• Extracted entries:
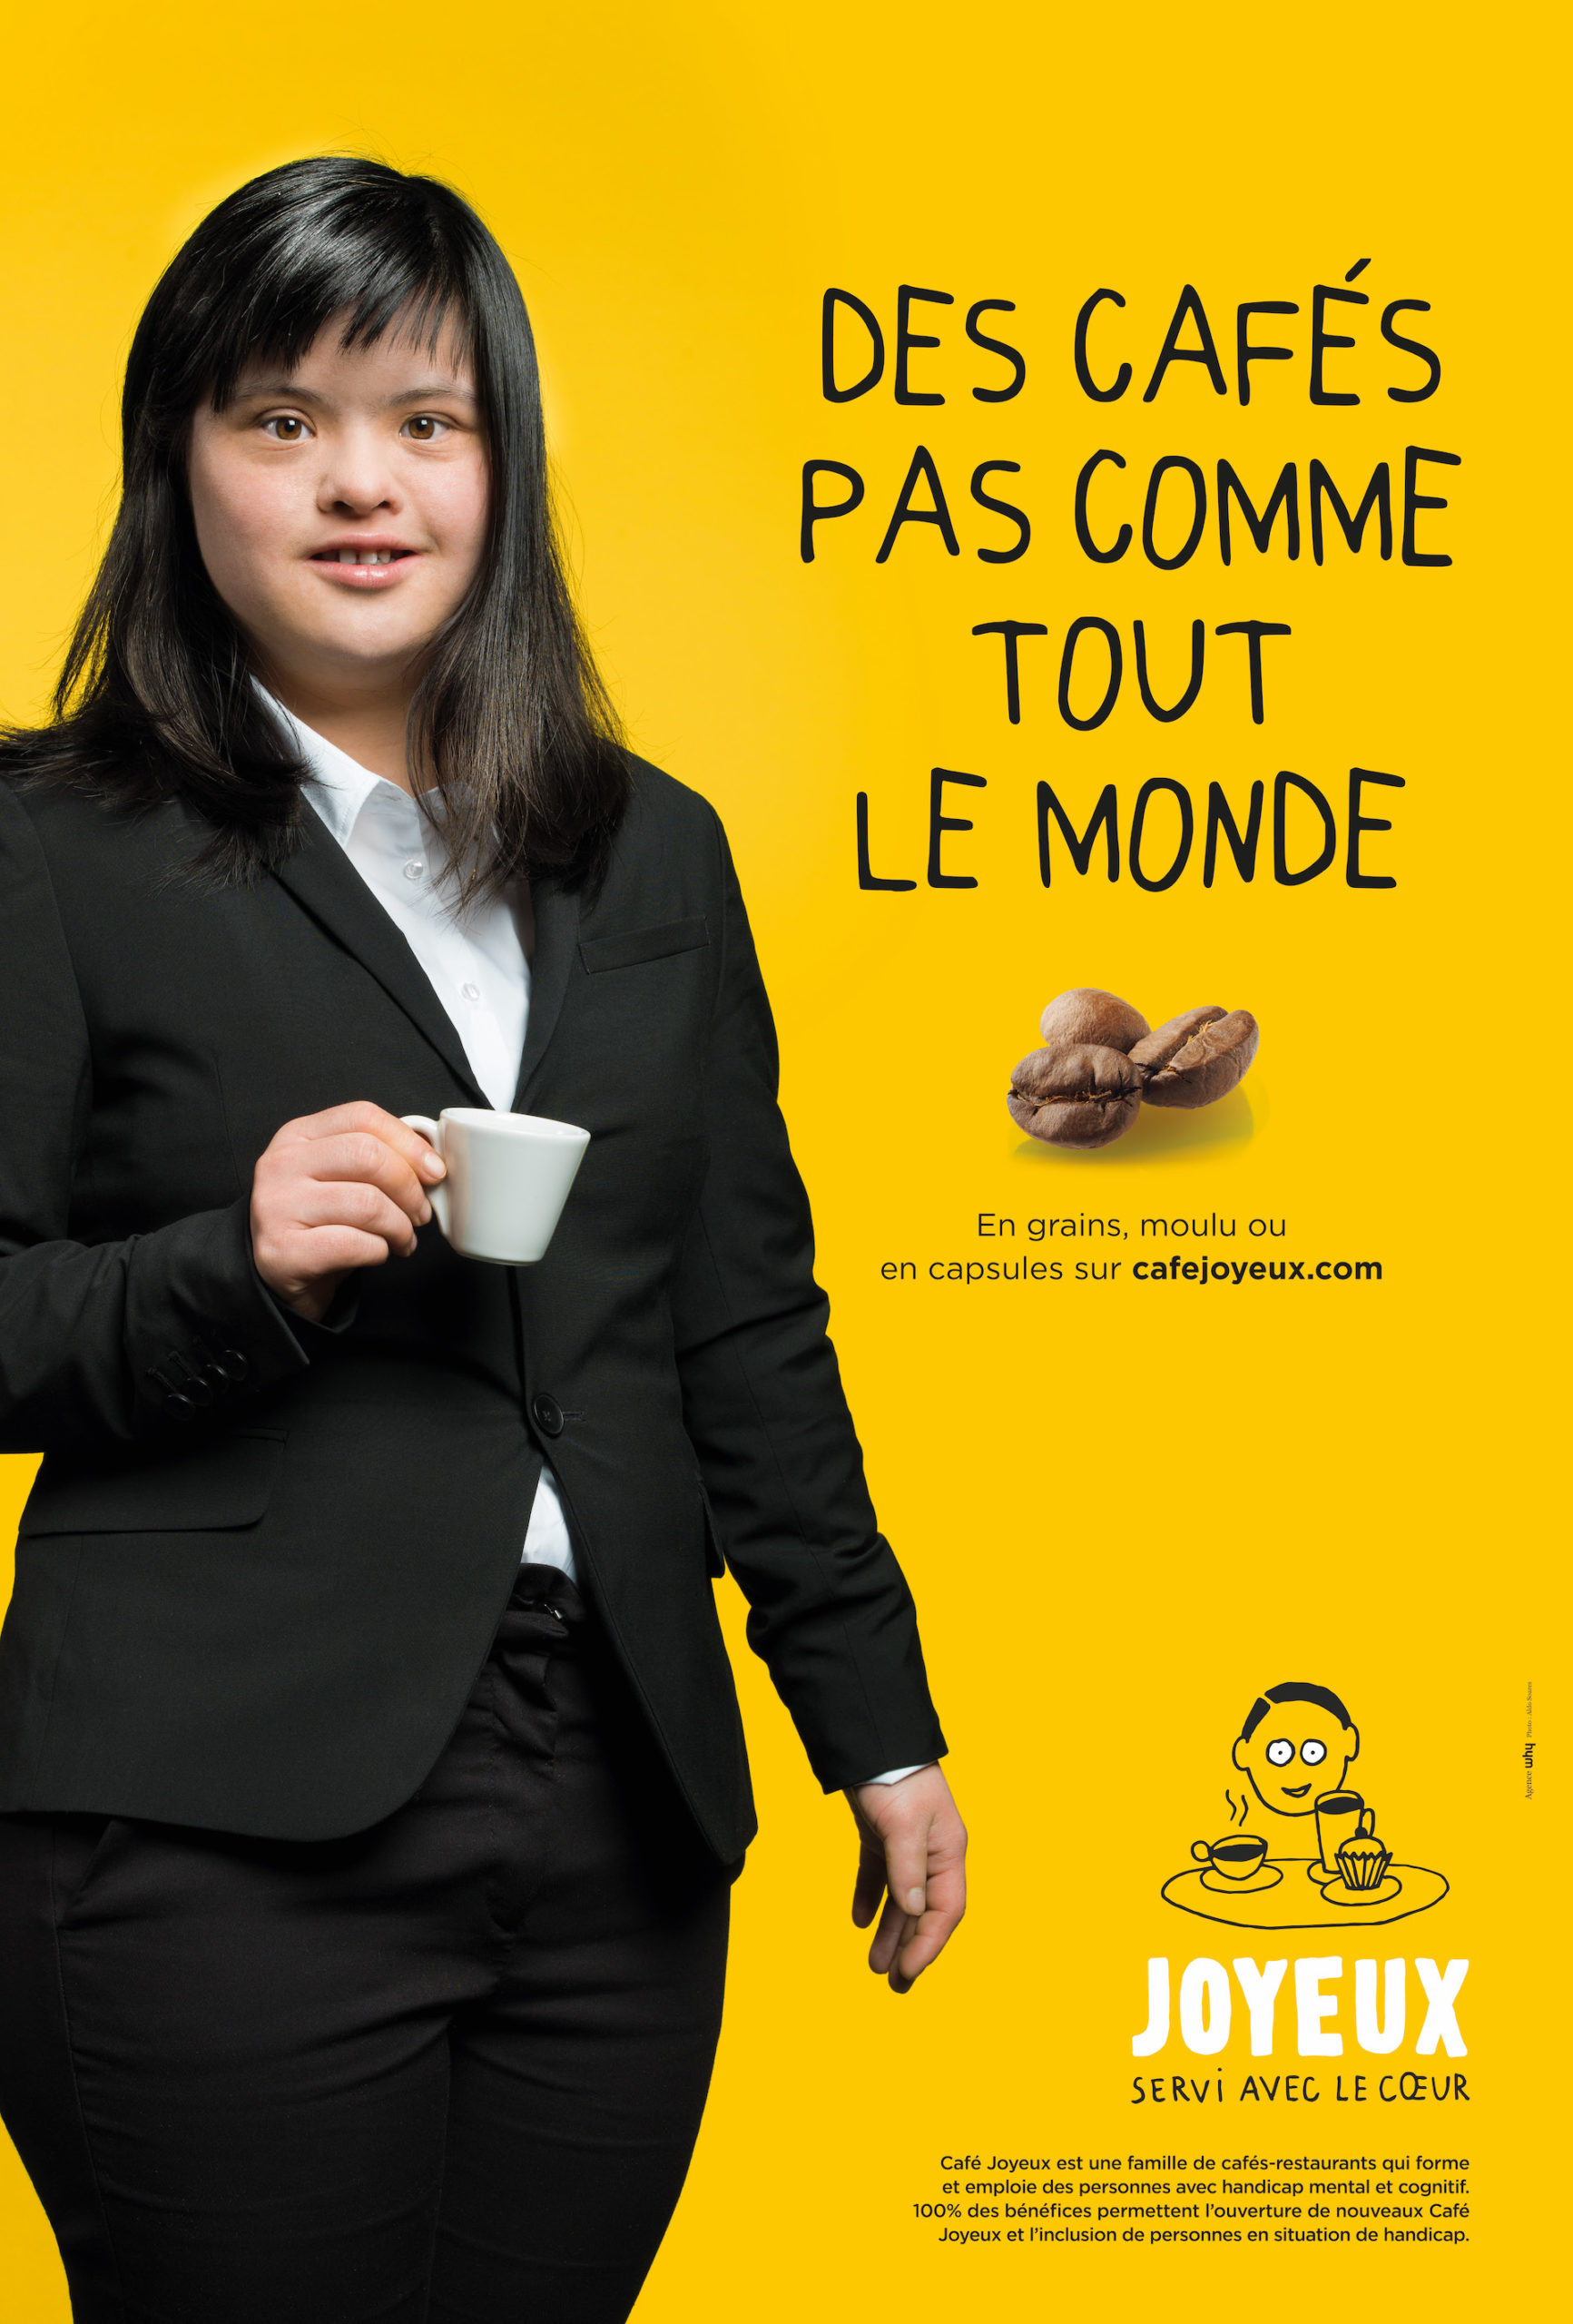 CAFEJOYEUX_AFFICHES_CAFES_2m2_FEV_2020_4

* * *

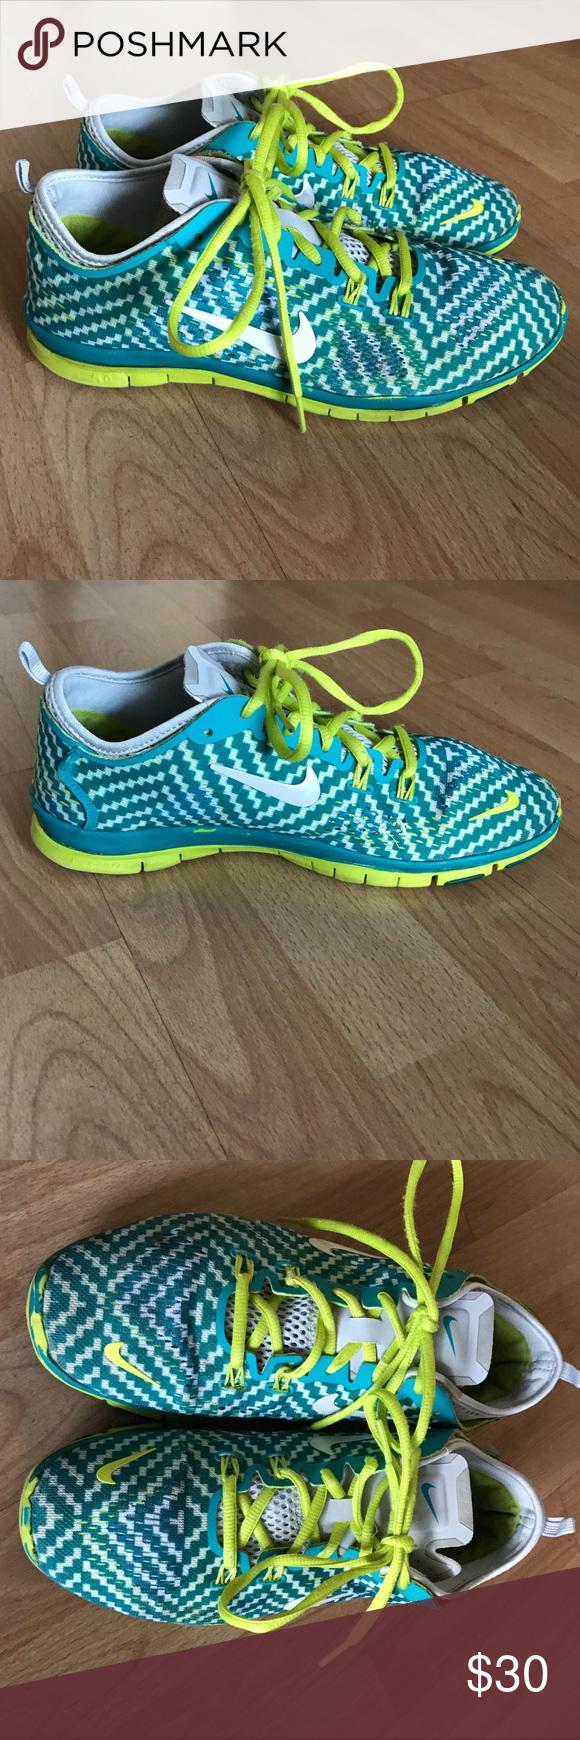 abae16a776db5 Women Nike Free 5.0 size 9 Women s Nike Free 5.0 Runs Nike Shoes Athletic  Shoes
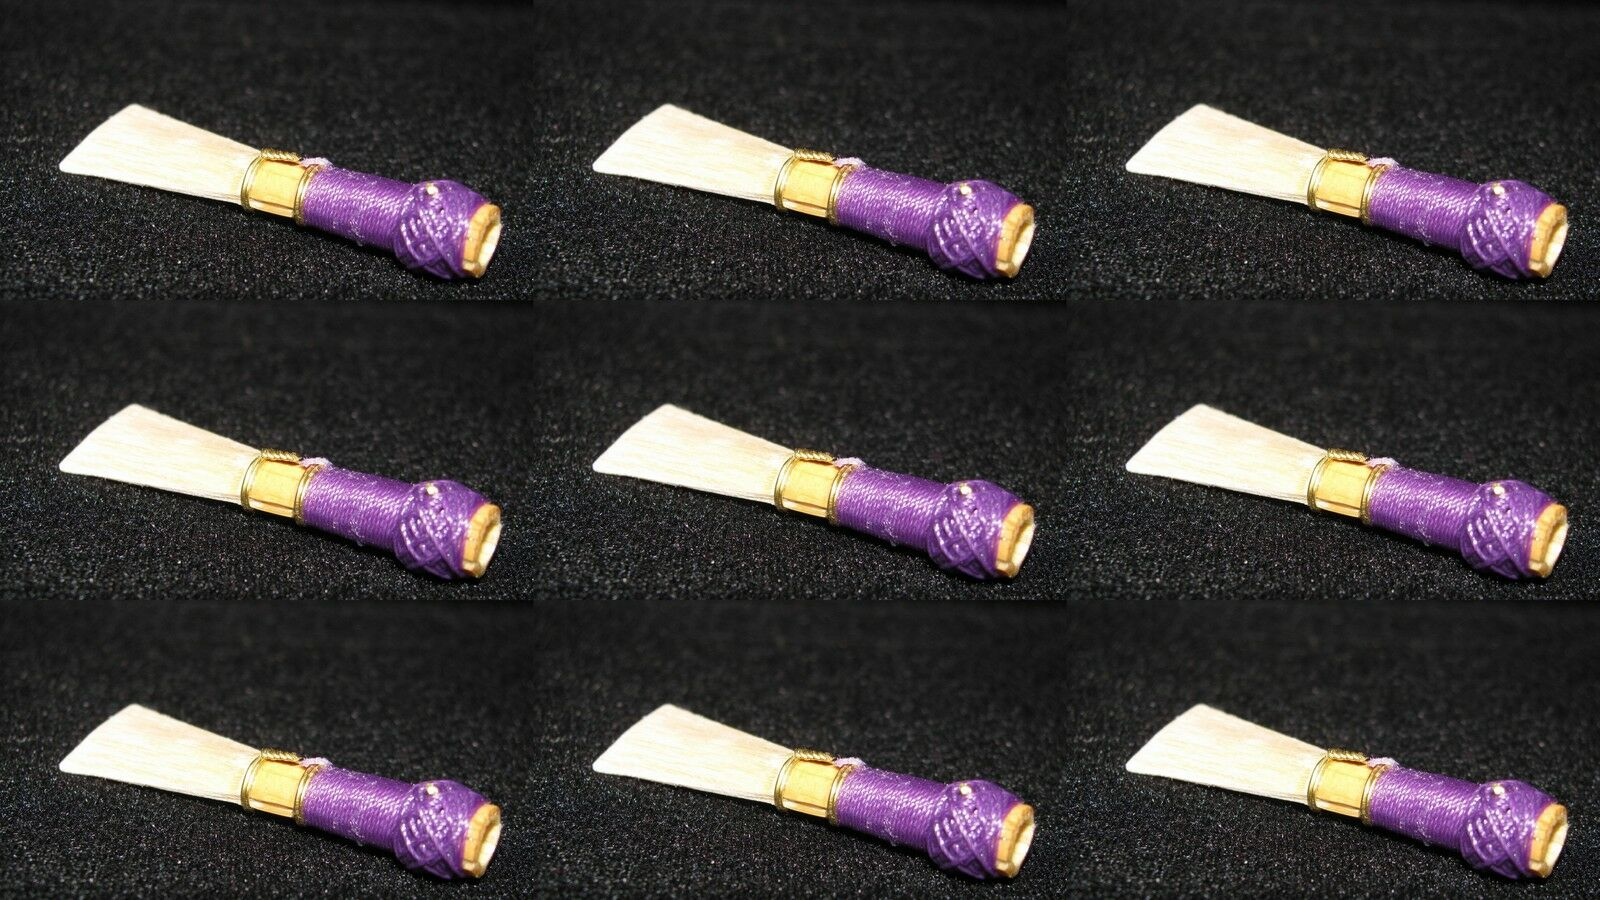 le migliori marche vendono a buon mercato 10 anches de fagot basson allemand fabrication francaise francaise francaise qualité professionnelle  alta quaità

• What you need to do: Lines from the one above containing "abae16a776db5 Women Nike" down to the one containing "le migliori marche" should be transcribed exactly, with both ends kept and no pictures.

• Response for this exercise:
 abae16a776db5 Women Nike Free 5.0 size 9 Women s Nike Free 5.0 Runs Nike Shoes Athletic  Shoes
 le migliori marche vendono a buon mercato 10 anches de fagot basson allemand fabrication francaise francaise francaise qualité professionnelle  alta quaità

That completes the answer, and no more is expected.